Погода явно соответствует прогнозу. Низко нависшие сплошные облака, временами — порывы северо-восточного ветра. Местами — легкий снегопад. Температура воздуха — минус четырнадцать. Область низкого давления. Погода совсем как тогда, в самой низкой точке моего жизненного пути. Когда «Победа» застряла в снегу. На дороге Смоленск — Москва. Возле деревни Чипляево. Об этом, о застрявшей в снегу «Победе», ты, Гитта, не знаешь. Единственное, чего ты не знаешь из всей истории.
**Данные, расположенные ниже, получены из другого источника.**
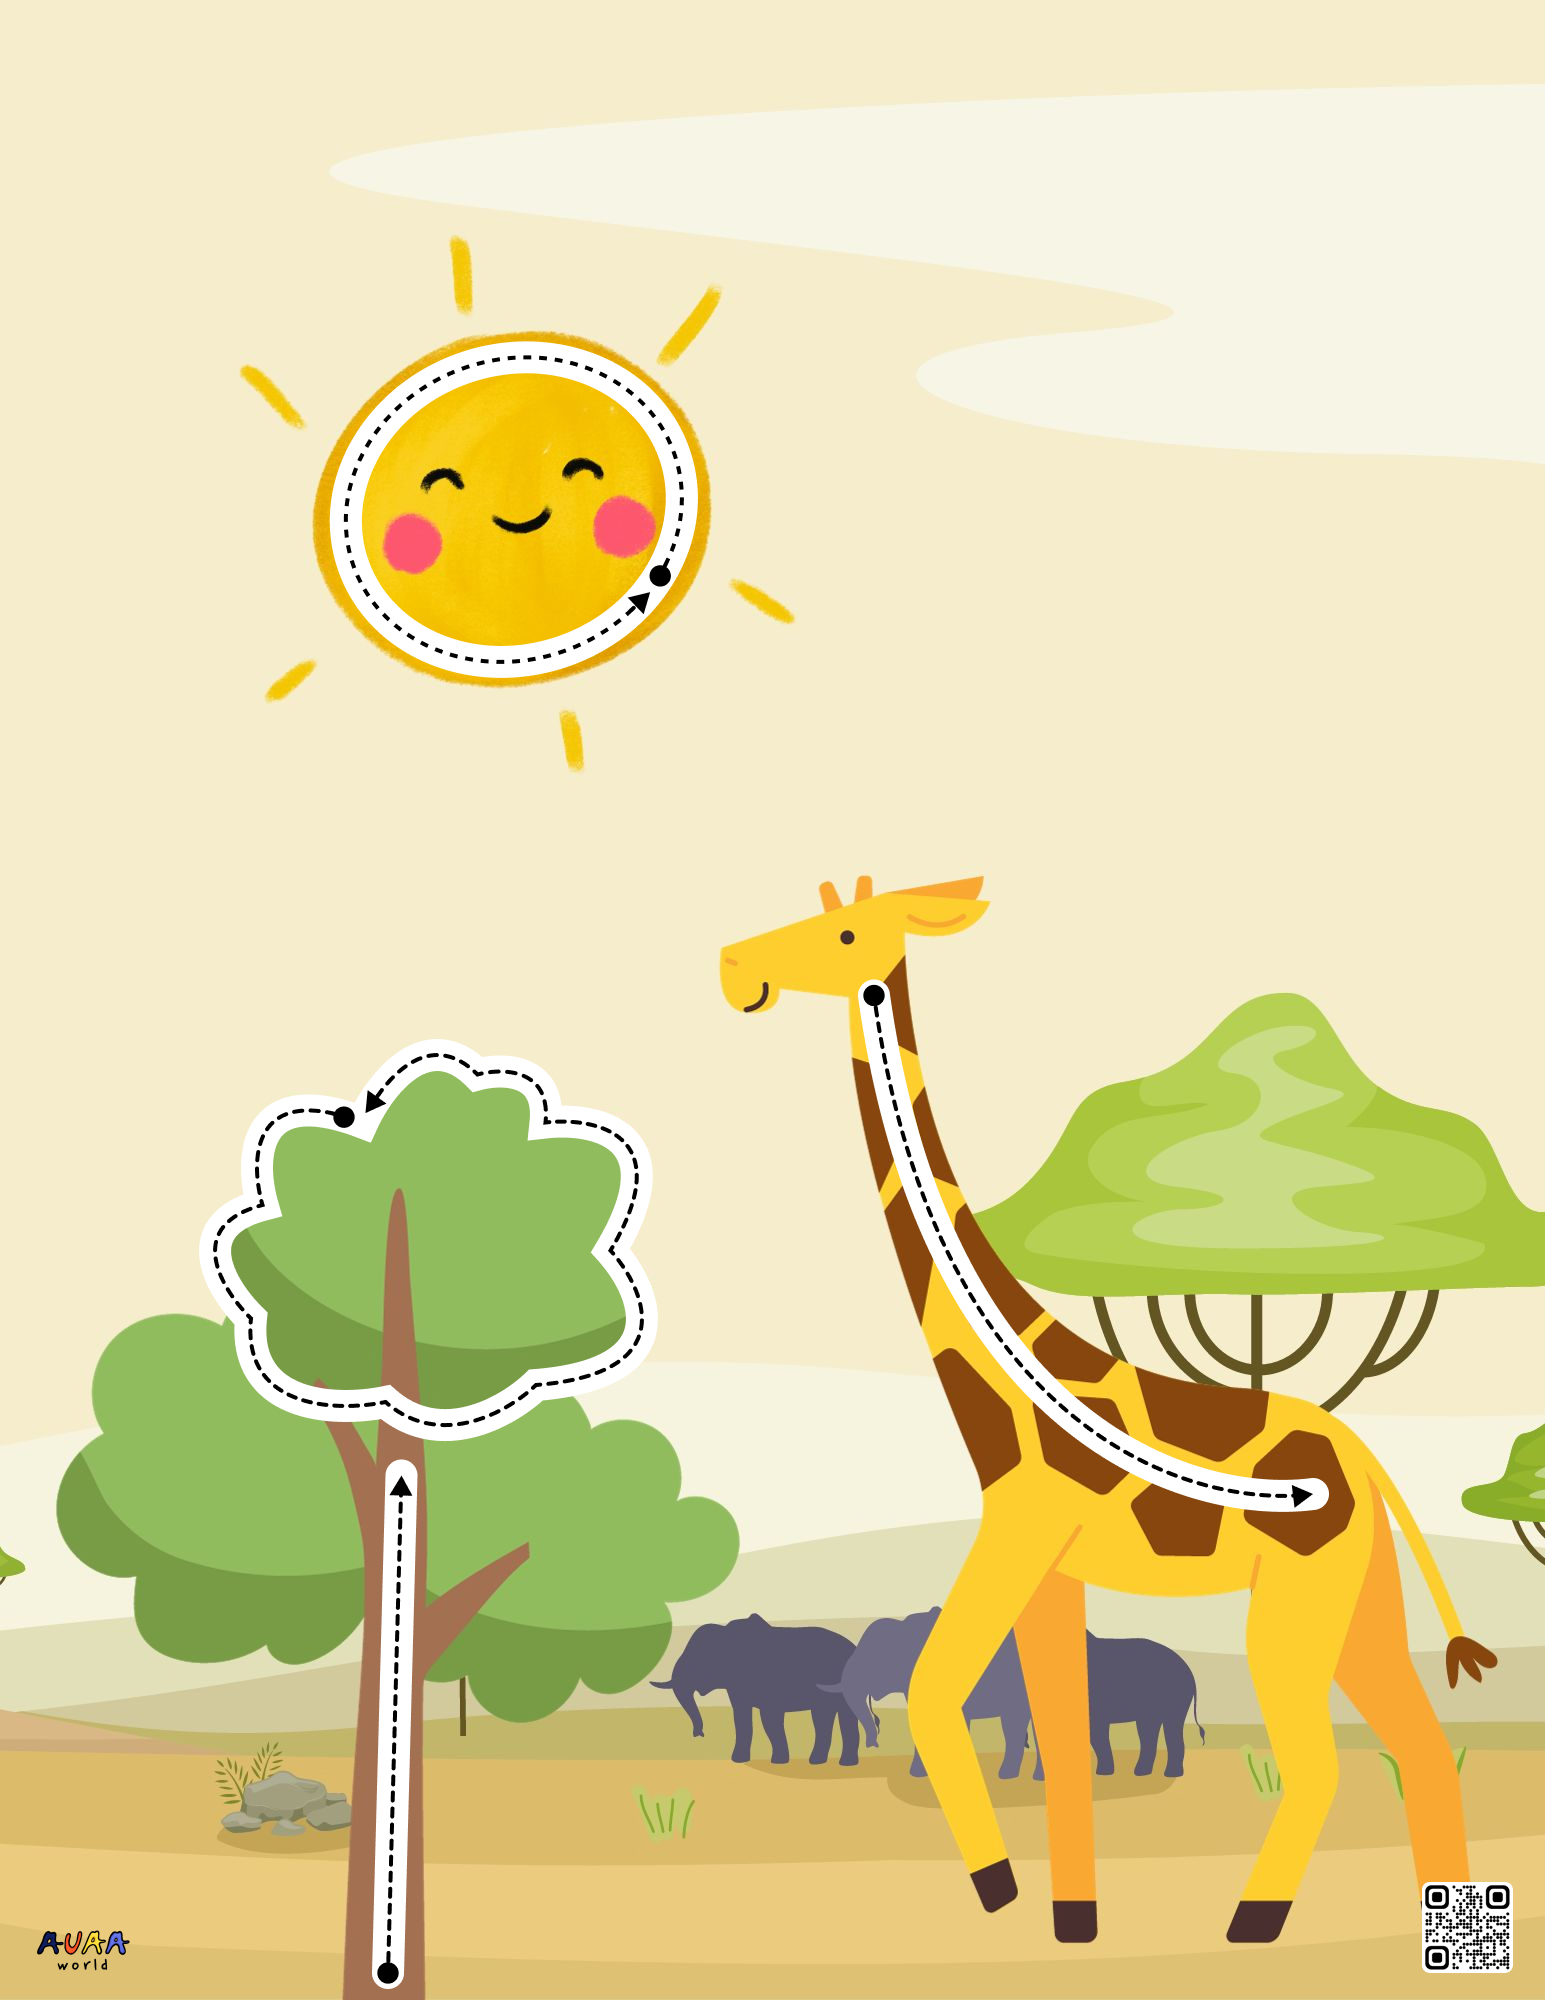 jungle themed pencil control activity pages of sun, tree and giraffe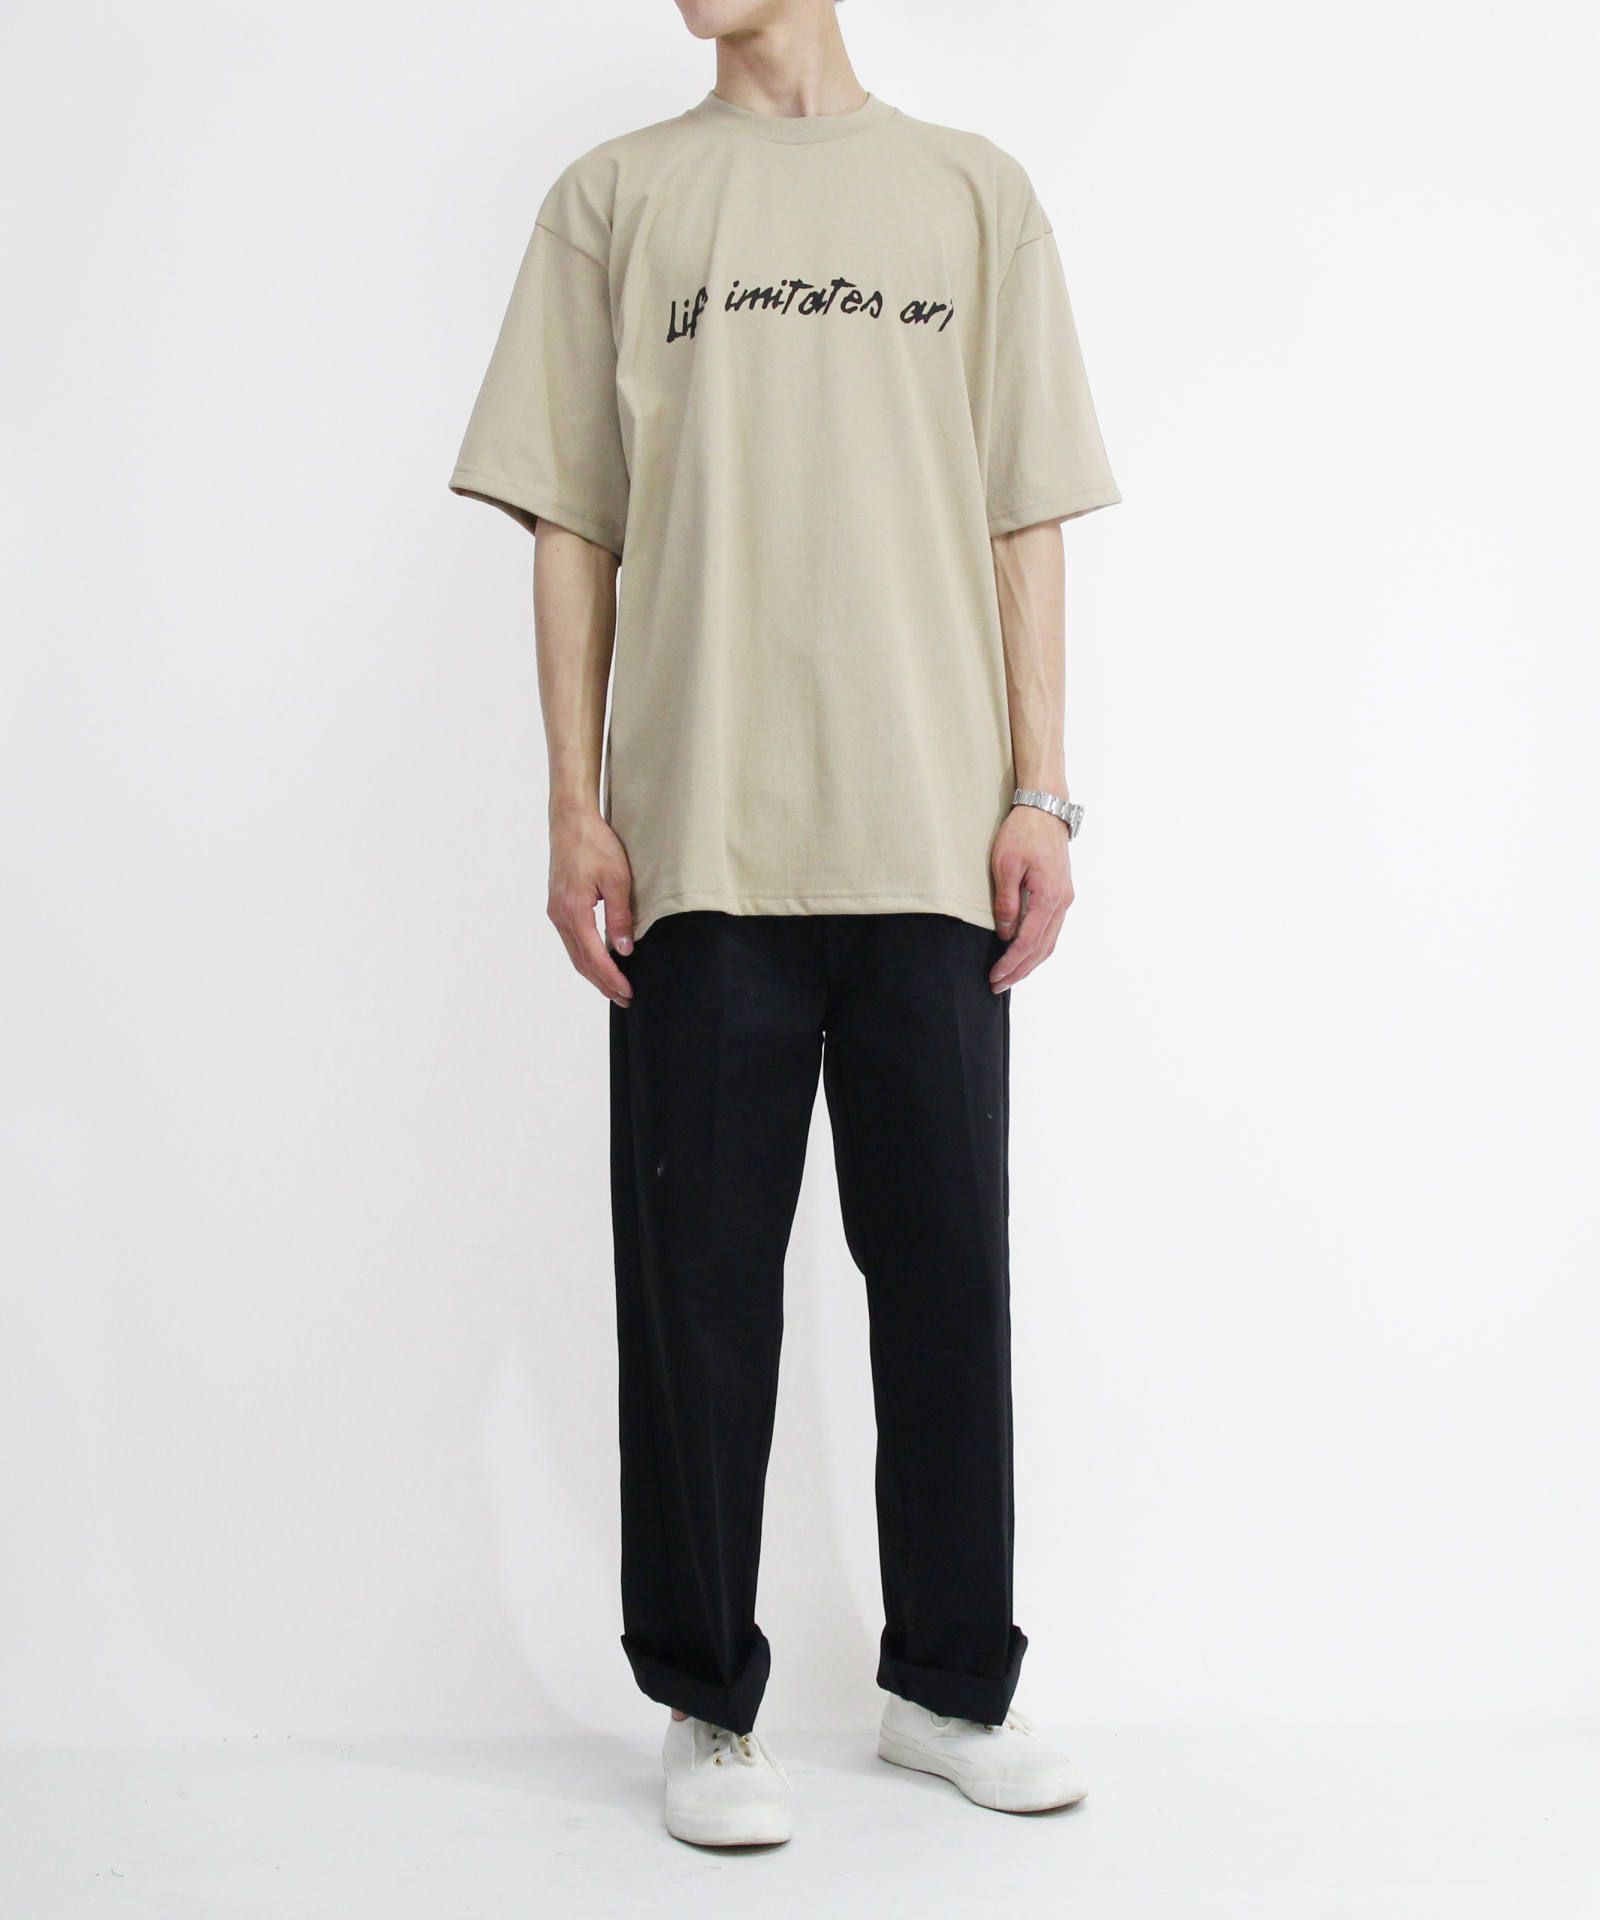 CLANE HOMME - メンズプリントTシャツ - BRUSH WRITING T/S - WHITE

Потому что и сам я не очень знаю. Потому что все было так нелепо, так нереально, так быстро промелькнуло. Снег валил целую ночь. Нас подняли ни свет ни заря. Повезли к шоссе — разгребать снег. На санях. Еще не светало. Половина проезжей части уже была расчищена. Снегоочистителем. На другой стороне по колено лежал свежевыпавший снег. Команда дочиста выскребала уже расчищенную часть. Часовой свистком подозвал к себе четверых. Чуть подальше от этого места легковушка попыталась обогнать грузовик. По нерасчищенной половине. Через снег, доходивший до колен. И конечно, засела. Колеса буксовали, машина все глубже уходила в снег. Итак: откопать и вытолкнуть. Шофер невозмутимо сидел за рулем, курил свои папиросы, да еще подгонял нас, доходяг. Рядом с шофером сидел человек в солдатской шинели. Без погон. К окну прислонены костыли. На заднем сиденье — женщина в толстой шубе и ребенок, тоже весь закутанный. Я толкал сзади. Ребенок, мальчик лет примерно трех, показывал мне через окно нос, гримасничал. Я тоже ответил гримасой. Так мы развлекались, оба. Мать потянула его вниз. Он снова вскочил как ванька-встанька. И тогда в заднем стекле возникла его мать. Молодая женщина. Она улыбнулась, я улыбнулся, и вдруг веселье исчезло с ее лица, словно она поперхнулась. Я это увидел, и у меня перехватило дыхание. Я увидел Любу. Колеса встали на твердую основу, машина оторвалась от наших рук. Мальчик еще раз показал мне нос, на прощанье. А лицо женщины исчезло. «Победа» набирала скорость по расчищенной дороге. Я сказал себе — осел среди ночи взывает к солнцу. Шла третья послевоенная зима.
Хельригель твердо стоит на ногах, твердо и очень прямо, шея и, значит, голова чуть вытянуты перед стеклянной стеной зала. Он стоит, будто высматривает день, который не желает наступать. Точно так же мог бы он при такой погоде стоять за ветровым стеклом своего локомотива. Мешает только рубашка с твердым воротничком и галстук. И еще, что рубашку он купил на номер меньше. Он взял тот размер, который носил в молодые годы. Почти все, что сейчас на нем надето, что висит на крючке возле столика, из-за которого он встал, и лежит в чемодане, куплено совсем недавно. Пальто, меховая шапка, серый костюм, что на нем, темный, что упакован, полдюжины белых сорочек, белье, носки, галстуки. Из старого остались только ботинки, бритвенные принадлежности и носовые платки. Он прищуривается, чтобы увидеть, что творится за стеклом. Глядеть на собственное отражение У него нет охоты. Он ощупывает свою душу и находит, что там все в полном порядке. Просьба прибыть на похороны соответствует пожеланию умершей. Еще на свете есть Андрей, его сын и ее сын. И Гитта не ожидала от него того, на что твердо рассчитывала в этой ситуации Люба. Вот это теперь единственно важное. Только это. Ничего больше.